Sub-contractors wanted for southeast Michigan locations. Must have a newer truck with a containment plow (v-blade, wideout, etc.). Must have a v-box salter or liquid spray system OR be willing to purchase one.

Lots of hours - you will be salting too - not just plowing when needed!!!
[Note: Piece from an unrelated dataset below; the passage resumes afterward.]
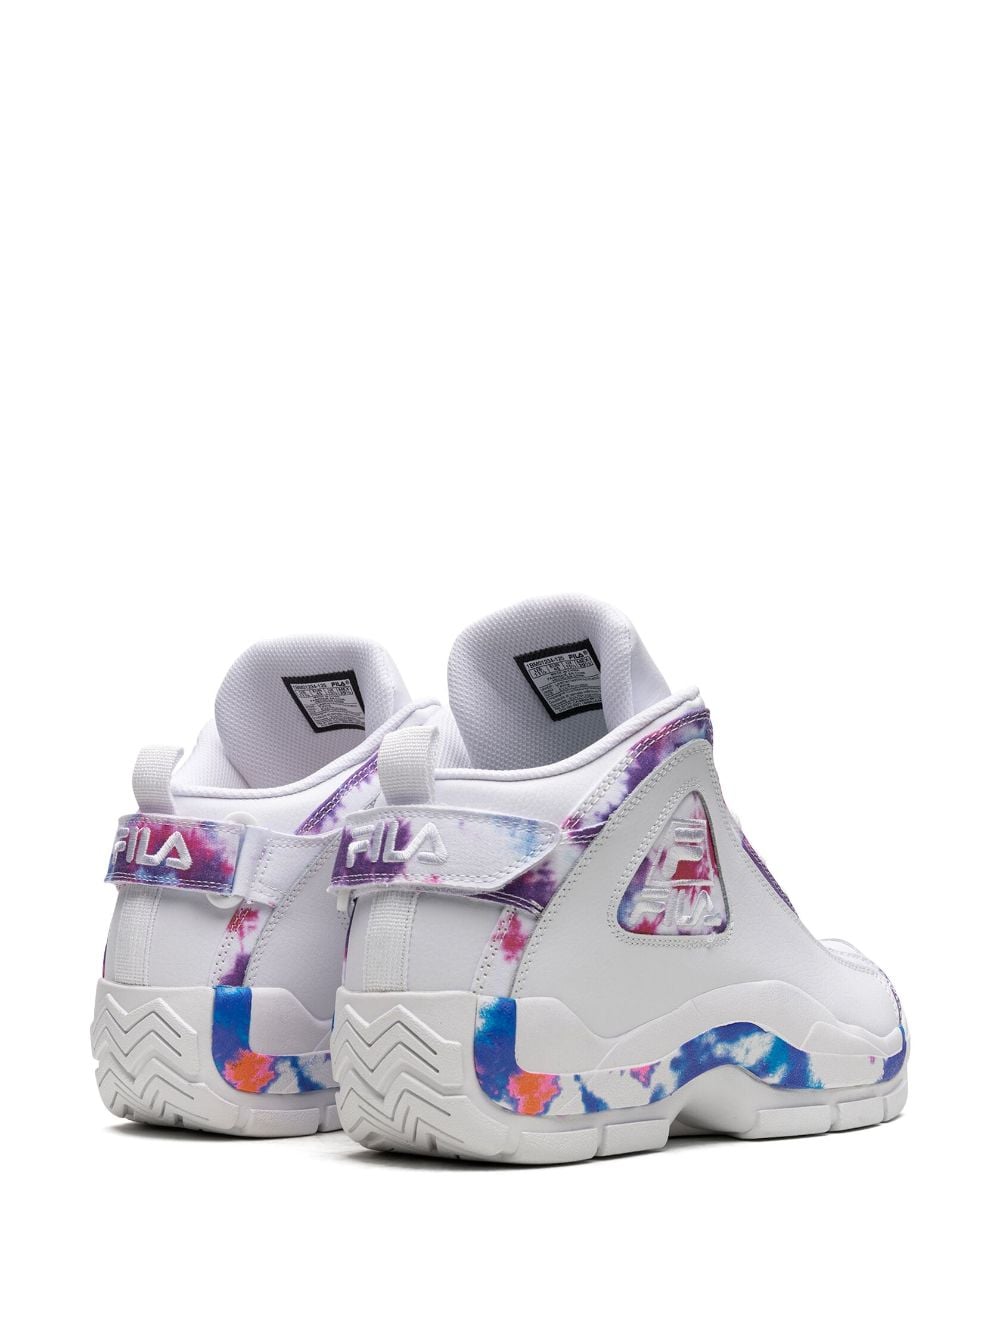 Shop Fila Grant Hill 2 "tie Dye" Sneakers In White

Please call for more details. Mike 248-640-0937


----------



## Defcon 5 (Mar 20, 2014)

CSP#1;1828447 said:


> Sub-contractors wanted for southeast Michigan locations. Must have a newer truck with a containment plow (v-blade, wideout, etc.). Must have a v-box salter or liquid spray system OR be willing to purchase one.
> 
> Lots of hours - you will be salting too - not just plowing when needed!!!
> 
> Please call for more details. Mike 248-640-0937


How is the pay structure from the works completion...Weekly,Biweekly,Monthly???


----------



## tmichaeljr (Dec 12, 2013)

*Ready to work*

Here's what we have - and operators:
2009 Ford F-550 w/ 10' Boss Straight Blade & 4 Yard SnowEx SP-9500 V-Box Spreader 
2009 Ford F-350 w/a 7'6" Western Blade and Sno-Way 8' V-Box salt spreader
2009 BobCat Tool Cat 4 wheel drive/4 wheel steering, 2 ton capacity dump box, 6' snow pusher box, 8' Hiniker C-Blade
2011 Ford F-350 w/a 9'2" Boss Power V-Blade
2004 GMC Sierra 3500 w/a 9'2" Boss Power V-Blade & 300 gallon Turf-Pro boom sprayer, w/100' hand held hose applicator (for liquid application of anti-icing material)
2008 
(2) 2007 Honda ATV w/a 48" snow blade and 80# electric salter
(10) Earthway 100# walk behind salt spreaders
1 Salt Dog 80# walk behind salt spreader
(6) Toro 24" Snow Commander Snow blowers
(4) Toro 21" Snow Commander Snow blowers
(1) Ariens 24" 2 stage snow blower


----------